▶ [Dataset content]
== == ==

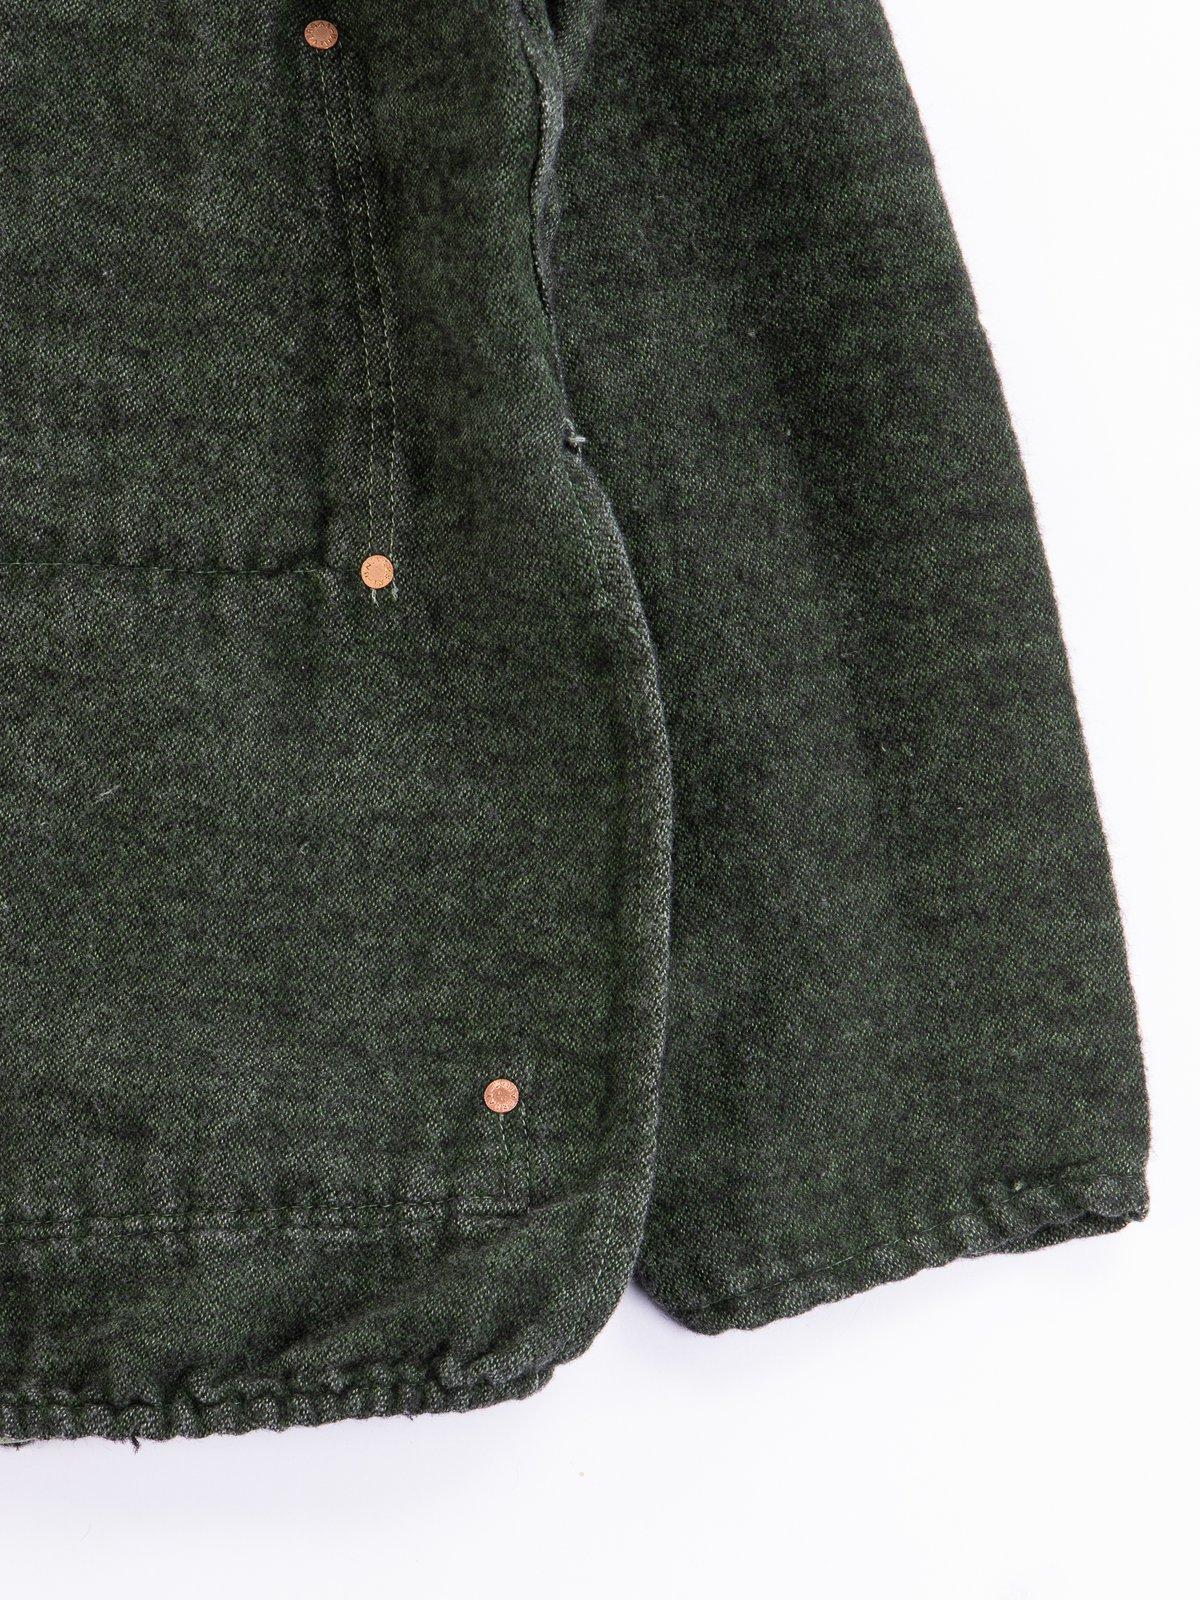 Viridian/Black Cotton/Mohair Janus Jacket - Image 3
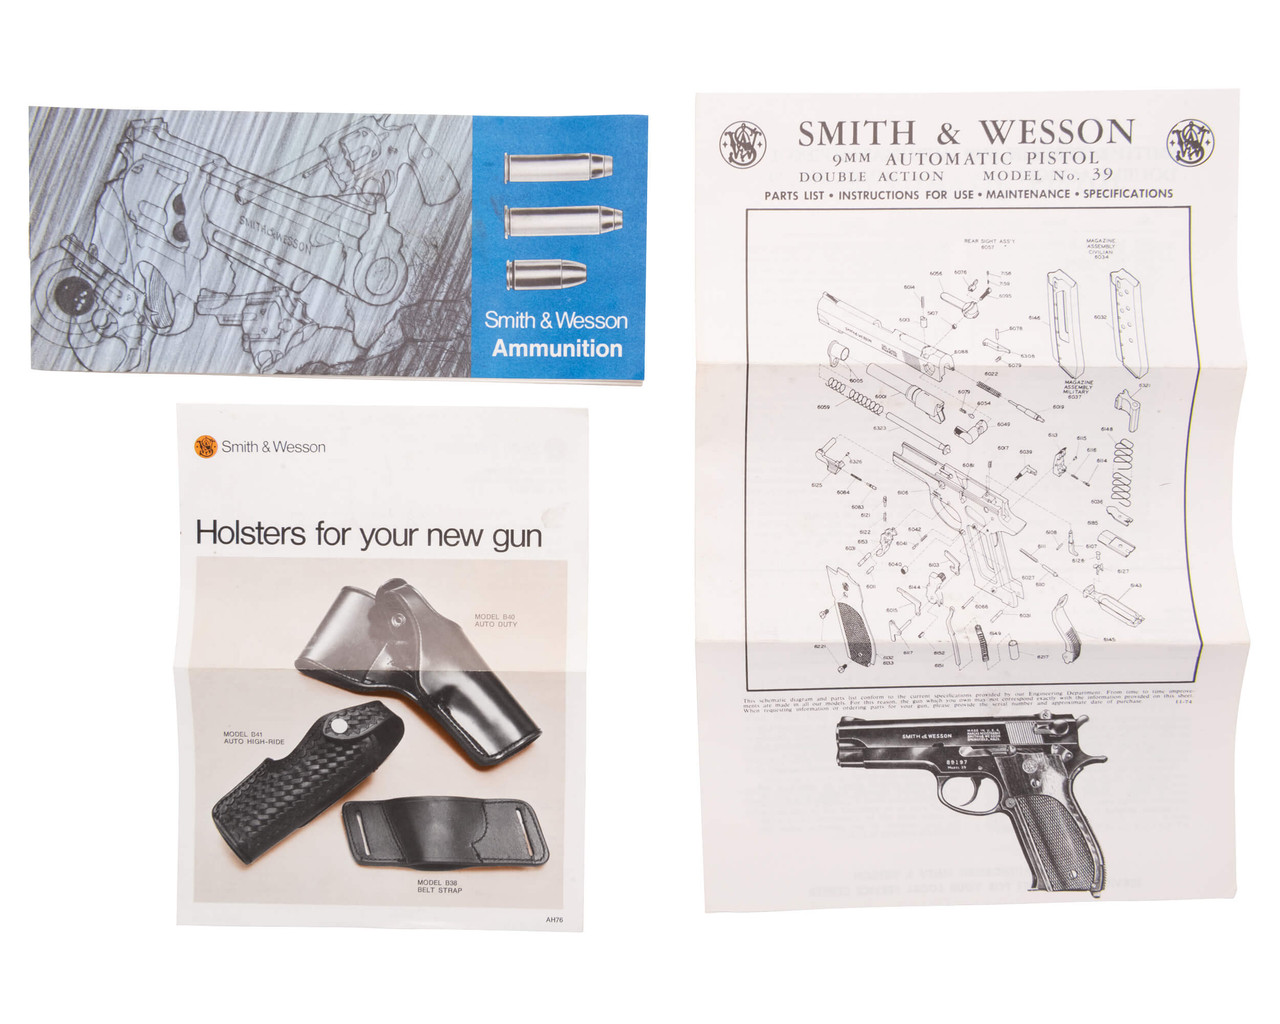 Smith & Wesson 39-2 - Canton Vaud Police - sn A567xxx
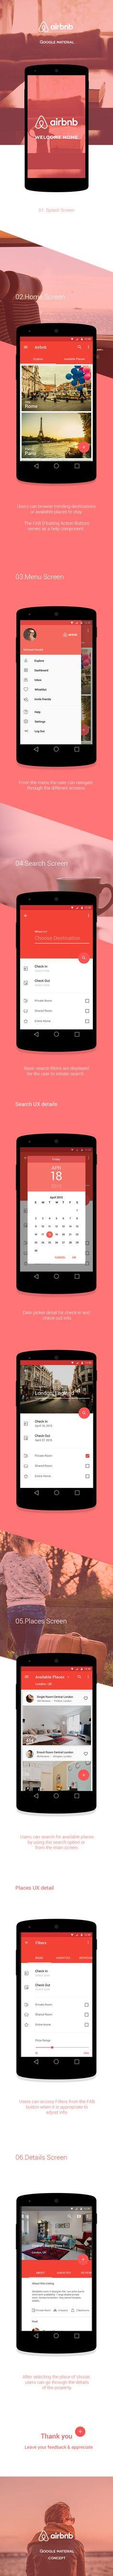 Airbnb - Google Material | Abduzeedo Design Inspiration

== == ==

▶ [Work request] Would you return the whole listing above exactly as written, skipping any image?

▶ [Output below]
 Viridian/Black Cotton/Mohair Janus Jacket - Image 3
 Smith & Wesson 39-2 - Canton Vaud Police - sn A567xxx
 Airbnb - Google Material | Abduzeedo Design Inspiration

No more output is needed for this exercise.